Despite this, however, the PA’s austerity program has coincided with increased domestic revenue extraction. MoF figures indicate that domestic PA revenue for 2020 is 60 percent higher than budgeted, pointing to greater efforts by the PA to replace at least some of its lost revenue from domestic sources, notably through increased taxation. As a consequence, public resentment of the PA’s austerity measures has reached a tipping point. For example, in October, after months of irregular payment, public school teachers staged a strike across the West Bank, while Palestinian social media is filled with calls for the PA to halt taxation and support struggling local businesses.

Against this backdrop, economic factors may well have been the driving force behind the PA’s decision to restore civil and security cooperation with Israel. In the short term, a resumption of clearance revenue transfers will extend a temporary financial lifeline to the PA, allowing it to cover public wages and reduce domestic borrowing. However, even with regular transfers of clearance revenue, the health of the Palestinian economy will continue to deteriorate. It has suffered repeated crises over the past two years, and these transfers alone will not bridge the budget deficit of $760 million. Moreover, while the Israeli Security Cabinet agreed to transfer accumulated clearance revenues of about $750 million to the PA, it announced that the Israeli government would withhold $160 million due to the PA’s program of paying stipends to the families of Palestinians killed, injured, or jailed by Israel. Subsequent suggestions from the PA that it would reconsider the basis for these stipends demonstrate that Israeli control over Palestinian finances will continue to shape PA policy going forward.

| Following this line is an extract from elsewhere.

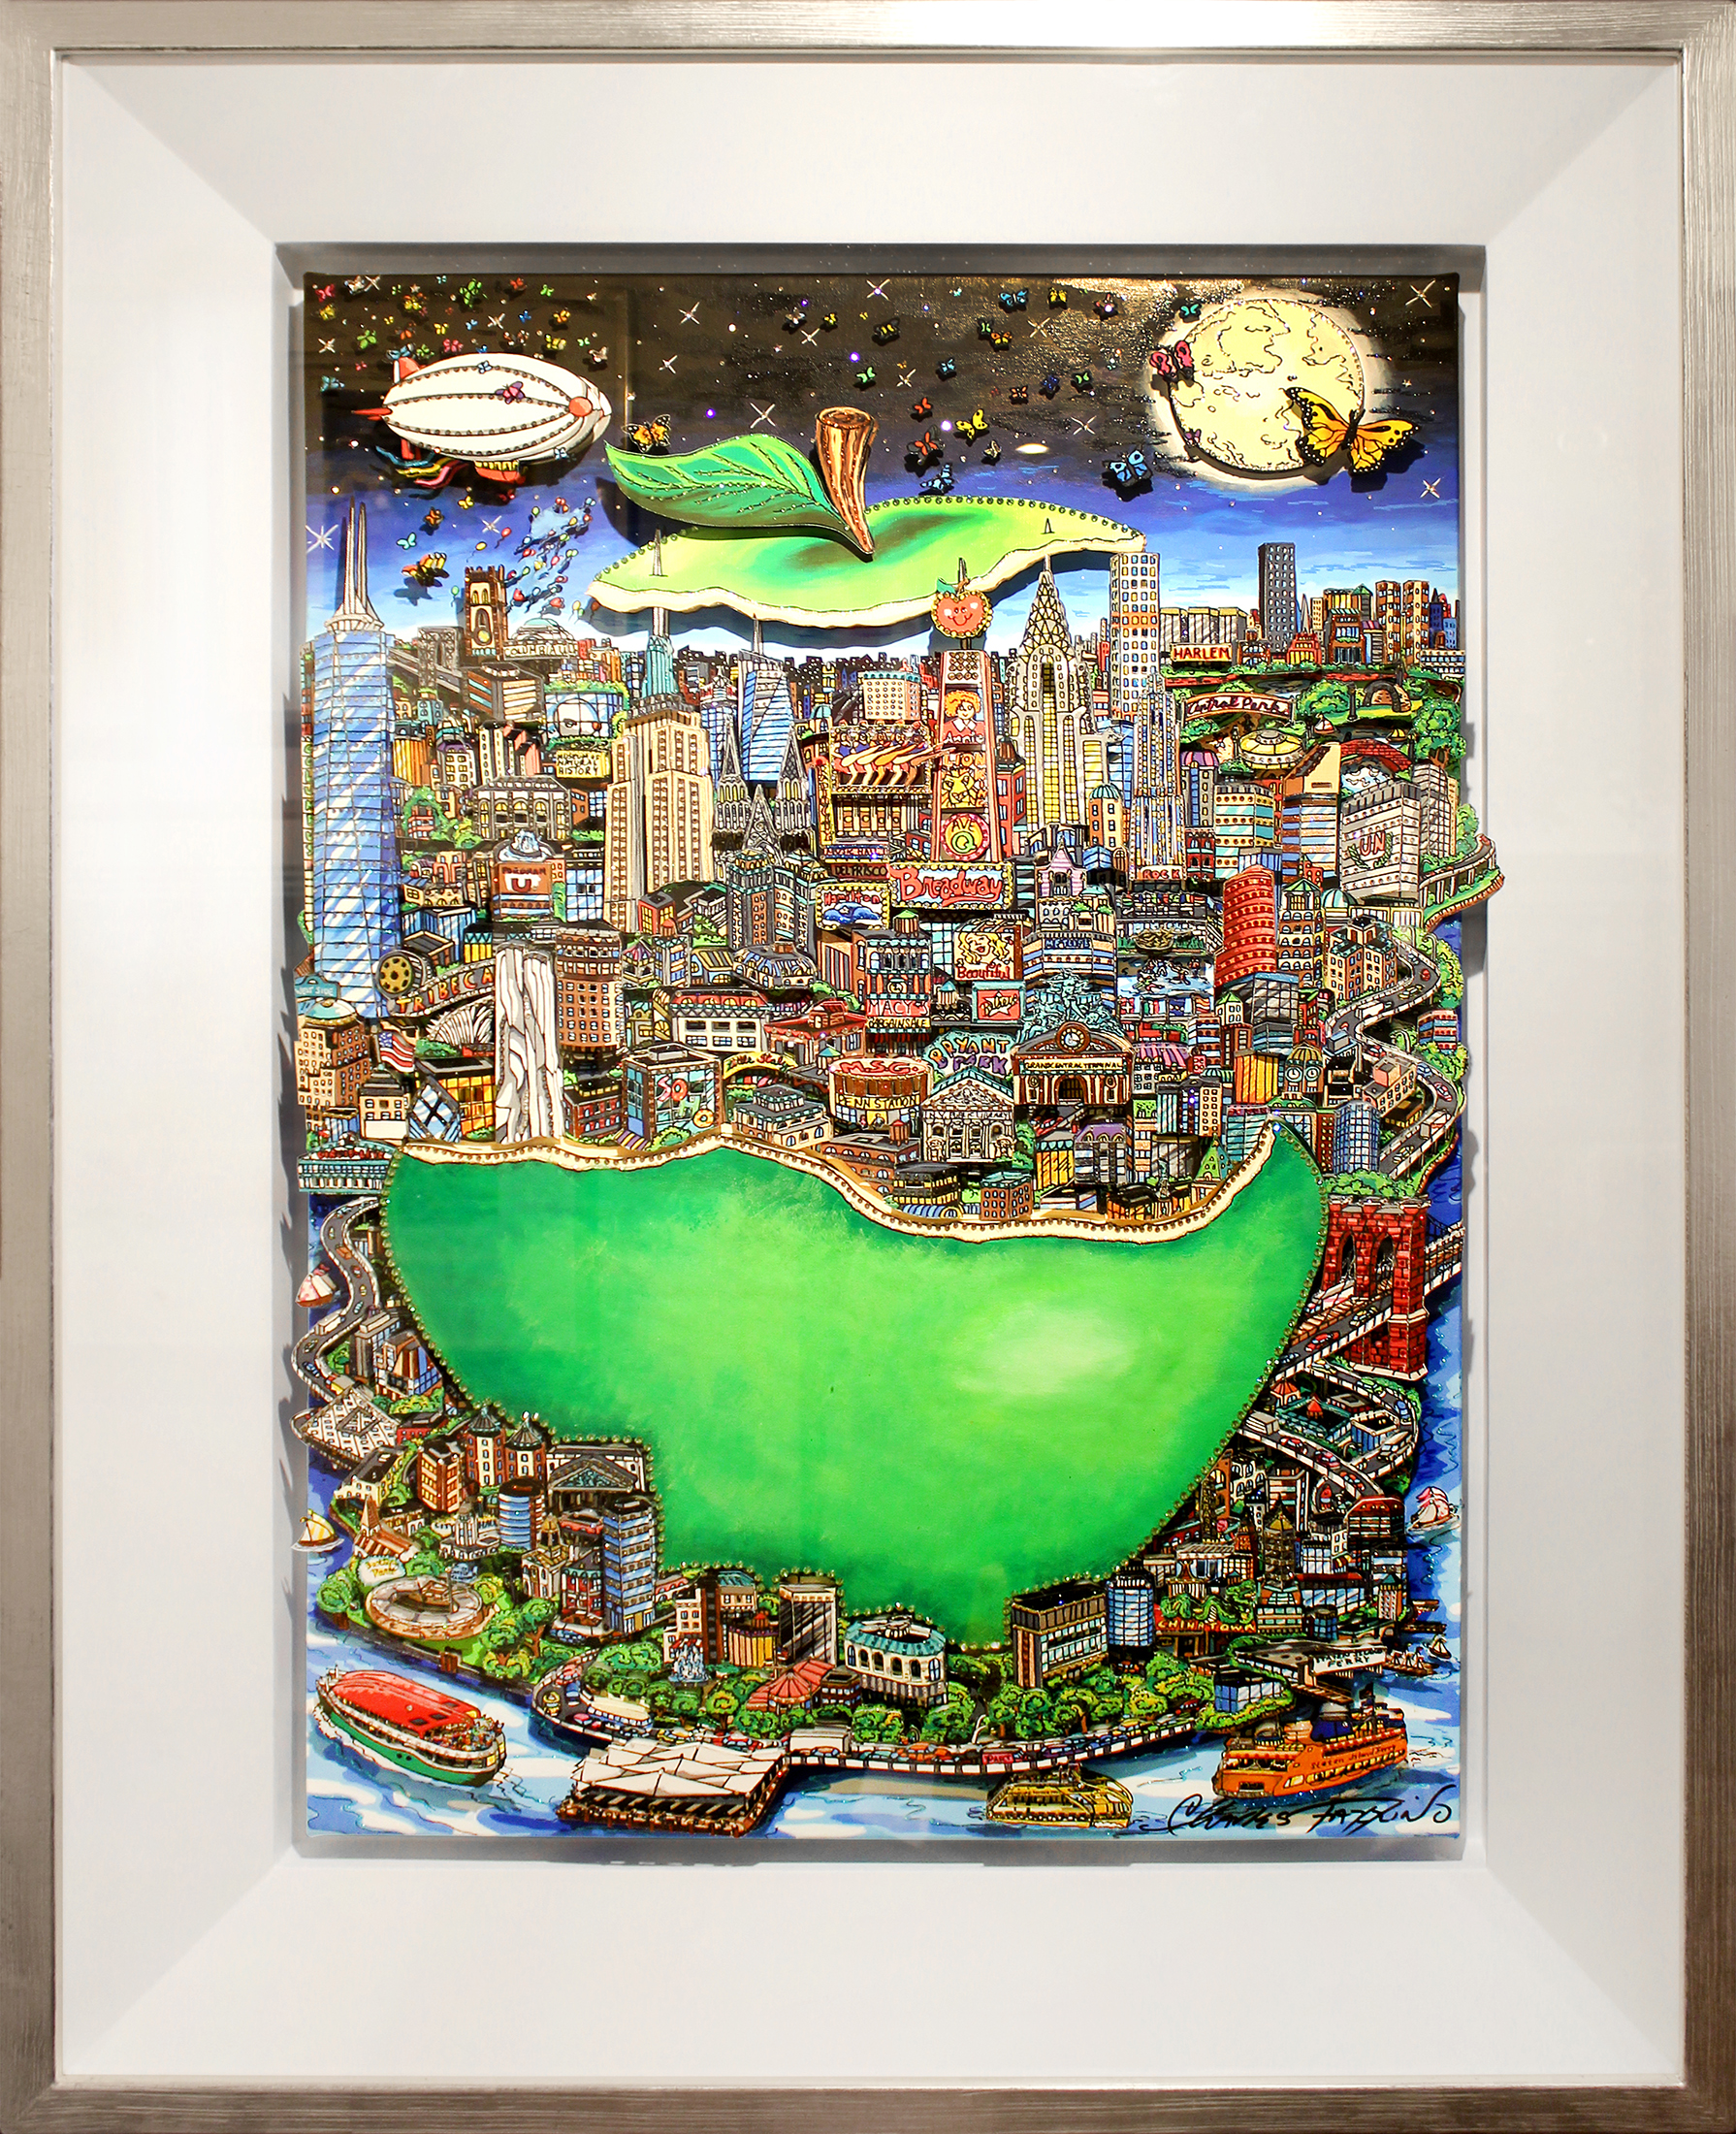 Charles Fazzino - Green Apple II , 5553-012-016

The enduring structural imbalances in the Palestinian economy and the PA’s continuing reliance on foreign revenues mean that any return to normalcy under the umbrella of existing economic mechanisms will merely continue the status quo, without advancing Palestinian aspirations or autonomy. To free national policy decisions from economic duress, the PA must seek alternative economic and financial structures — for example, through comprehensive and structural changes to the terms of the Paris Protocol or by directing foreign aid to infrastructure and economy-building initiatives rather than administrative expenditure. Untangling Palestinian governance from its reliance on foreign — particularly Israeli — sources is a prerequisite for any viable future for Palestinian politics and the Palestinian national movement.


Anas Iqtait is an Adjunct Lecturer at The Australian National University School of Business and Economics in Canberra, Australia and a Non-Resident Scholar with MEI’s Program on Palestine and Palestinian-Israeli Affairs. He specializes in the political economy dynamics shaping governance and fiscal policy of the PA, and the political economy and geoeconomics of the wider region. The views expressed in this piece are his own.

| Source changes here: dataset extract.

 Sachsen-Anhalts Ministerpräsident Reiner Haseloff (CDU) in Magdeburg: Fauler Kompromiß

Photo by Issam Rimawi/Anadolu Agency via Getty Images

The Middle East Institute (MEI) is an independent, non-partisan, non-for-profit, educational organization. It does not engage in advocacy and its scholars’ opinions are their own. MEI welcomes financial donations, but retains sole editorial control over its work and its publications reflect only the authors’ views. For a listing of MEI donors, please click here.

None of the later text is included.